Implement More Activation Functions #107

FrostyTheSouthernSnowman · 2024-05-16T21:17:23Z

The README mentioned that more activation functions are on the road map. I have gotten started. As of publishing, I only added Threshold, but I plan to go down the list from the (PyTorch Docs)[https://pytorch.org/docs/stable/nn.functional.html#non-linear-activation-functions]. Since I'm just going down the list, I'll do HardTanh next, unless someone has one they want written first. I am willing to write documentation if that is needed. Otherwise, I am trying to keep everything as close to the PyTorch docs as possible. If anybody thinks I should follow Tensoflow, Jax, or something else's docs instead, I am totally up for it as well. Here's the current TODO list for what I plan to implement first:

Once I get all of those done, I'll do the rest of the ones listed on the PyTorch docs, assuming my schedule allows for it. I am more than happy to switch out anything on the list.

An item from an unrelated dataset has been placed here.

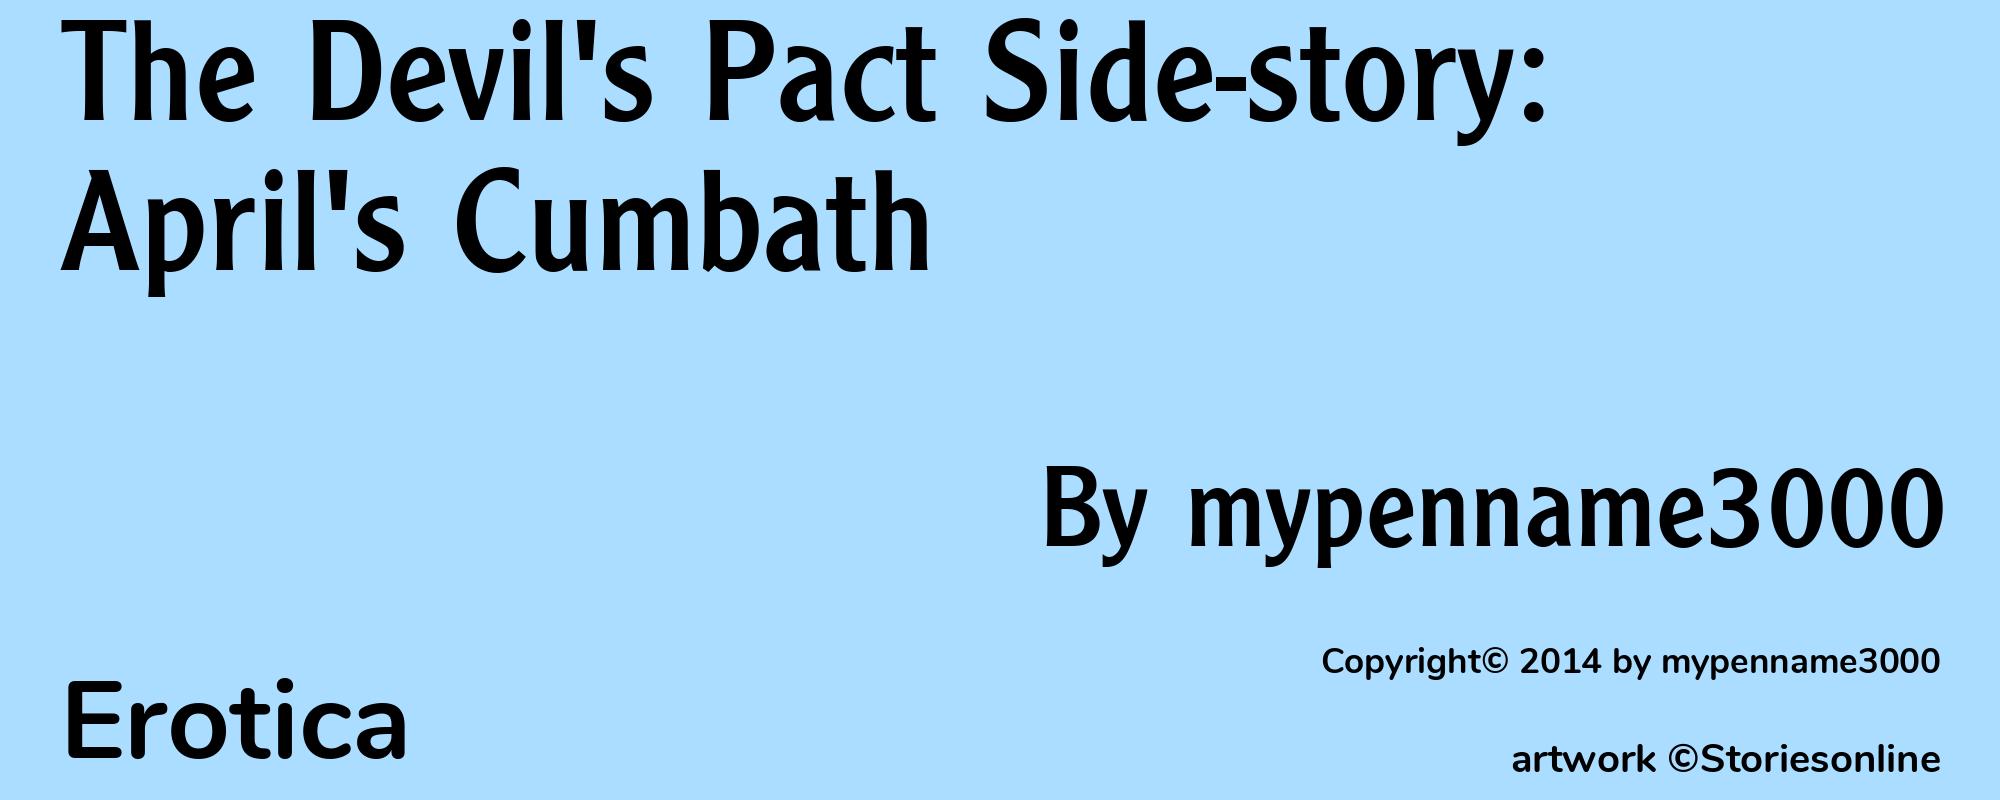 The Devil's Pact Side-story: April's Cumbath - Cover

Also, I've noticed that the current AttributeVector system lead to a lot of type conversions, which I feel could hinder performance. I don't totally plan to look into it right now, although I could if it were necessary.

There also seem to be a lot of overloads in the test file. Once I implement a few more activation functions, I'd like to see if I can split it into just a few basic categories that can be widely used across all the different activation functions.

I implemented the threshold activation function as well as unit tests to verify its functionality.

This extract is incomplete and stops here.